NAME
BioX::Wrapper::Gemini - A simple wrapper around the python Gemini library for annotating VCF files.
SYNOPSIS
Basic Usage
gemini_wrapper.pl --indir /path/to/vcfs --outdir /location/we/can/write/to > commands.in
Customized workflow
For more involved usage please see BioX::Wrapper::Gemini::Example
Using the API
BioX::Wrapper::Gemini is written using Moose and can be extended in all the usual fashions.
use BioX::Wrapper::Gemini;
after 'db_load' =>
sub {
my $self = shift;
# Run some commands
# SCIENCE!
}
Description
A wrapper around Gemini for processing files.
Read more about Gemini here: http://gemini.readthedocs.org/en/latest/
The workflow described is taken straight from the documentation written by the author of Gemini.
For more customization please see the attributes sections of the docs
Attributes
Moose Attributes
vcfs
VCF files can be given individually as well.

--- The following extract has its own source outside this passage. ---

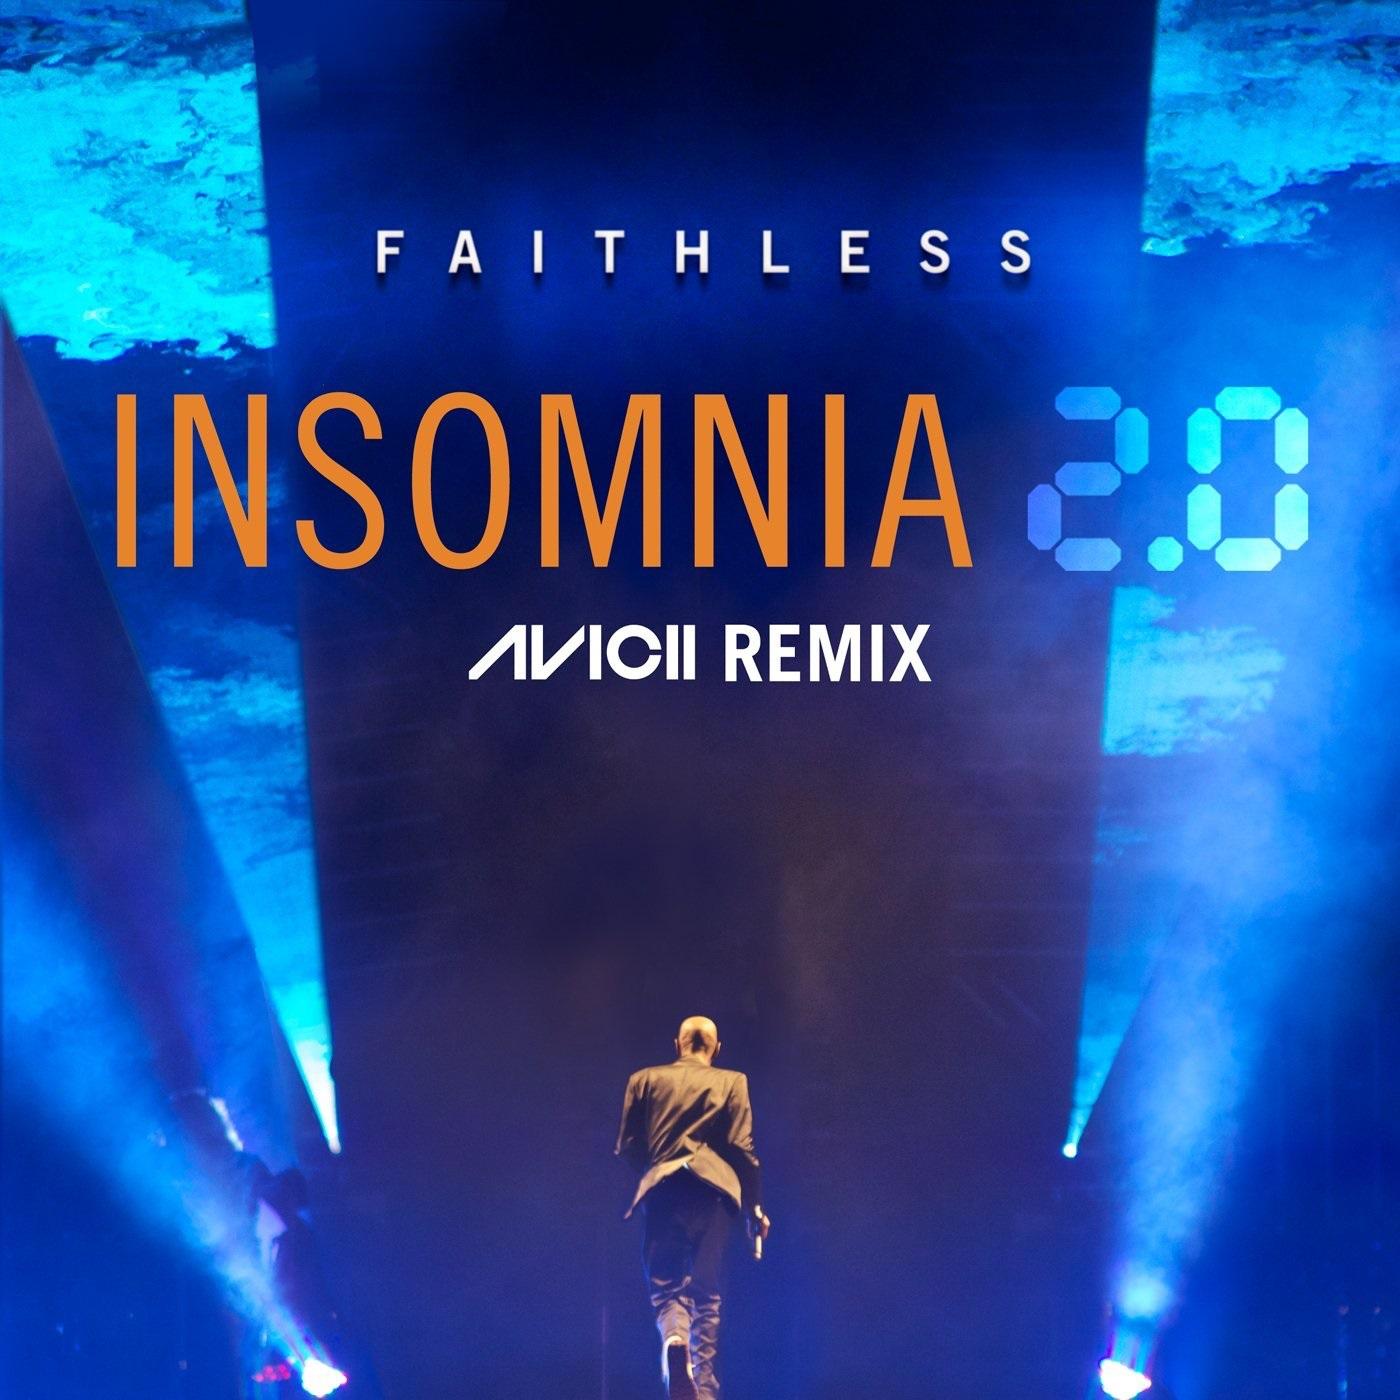 Faithless - Insomnia 2.0 (Avicii Remix)
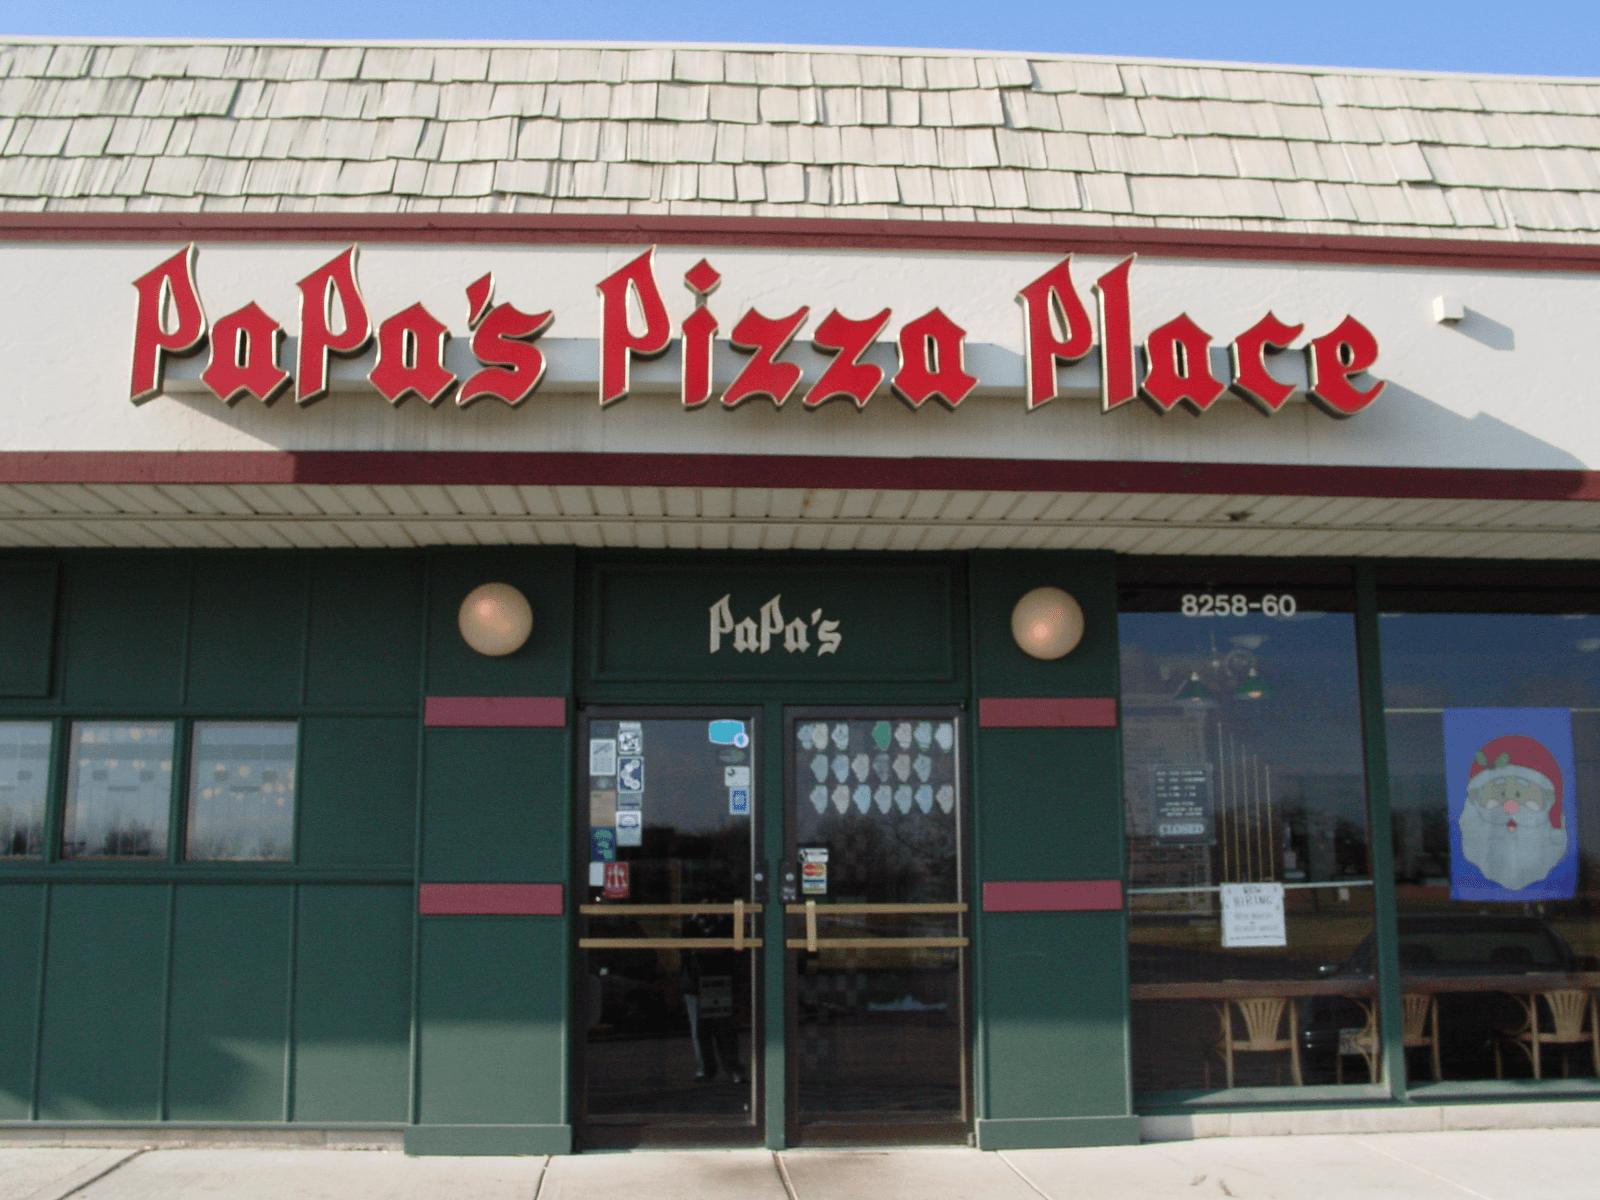 Papa's Pizza Place - Woodridge, IL

#Option is an ArrayRef and can be given as either
--vcfs 1.vcf,2.vcf,3.vcfs
#or
--vcfs 1.vcf --vcfs 2.vcf --vcfs 3.vcf
Don't mix the methods
If these vcfs are uncompressed, they will be compressed in place. Please make sure either this location has read/write access, or create a symbolic link to someplace
Everytime you leave genomics data uncompressed a kitten dies!
uncomvcfs
Vcfs that are uncompressed
ref
Supply a path to a reference genome
Default is to assume there is an environmental variable $REFGENOME
snpeff
Base directory of snpeff
The default assumes there is an environmental variable of $SNPEFF, being the base directory of the snpeff installation.
snpeff_opt
Options to run snpeff with
Default is -c \$SNPEFF/snpEff.config -formatEff -classic GRCh37.75
ped
If all vcf files are being loaded into the gemini db with the same pedigree file, simply change the --db_load_opts to correspond to your file.
If each vcf file has its own pedigree, make sure the pedigree file matches the basename of the vcf.
Basenames are captured like so:
my @gzipbase = map { basename($_, ".vcf.gz") } @gzipped ;
my @notgzipbase = map { basename($_, ".vcf") } @notgzipped ;
With the extension being .vcf.gz/.vcf
Invoke this with --ped
Exact specifications should be found here:
http://gemini.readthedocs.org/en/latest/content/preprocessing.html#describing-samples-with-a-ped-file
ped_dir
If using the --ped option you must specify this if your pedigree files are not in the same directory as the --indir option
db_load_opts
Options for loading VCF file into gemini sqlite db
Default is -t snpEff
This used to be --skip_cadd -t snpeff, but by popular demand is now just -t snpEff
Subroutines
Subroutines
check_files
Check to make sure either an indir or vcfs are supplied
find_vcfs
Use File::Find::Rule to find the vcfs
Make sure they are all gzipped first. If there are any .vcf$ files without a corresponding .vcf.gz$, bgzip those
bgzip
Run bgzip command on files found in find_vcfs
norml
normalize vcfs using vt and annotate using SNPEFF
db_load
Load DB into gemini
run
Subroutine that starts everything off
AUTHOR
Jillian Rowe <jillian.e.rowe@gmail.com>
ACKNOWLEDGEMENTS
This module was originally developed at and for Weill Cornell Medical College in Qatar within ITS Advanced Computing Team. With approval from WCMC-Q, this information was generalized and put on github, for which the authors would like to express their gratitude.
COPYRIGHT
Copyright 2015- Weill Cornell Medical College in Qatar
LICENSE
This library is free software; you can redistribute it and/or modify it under the same terms as Perl itself.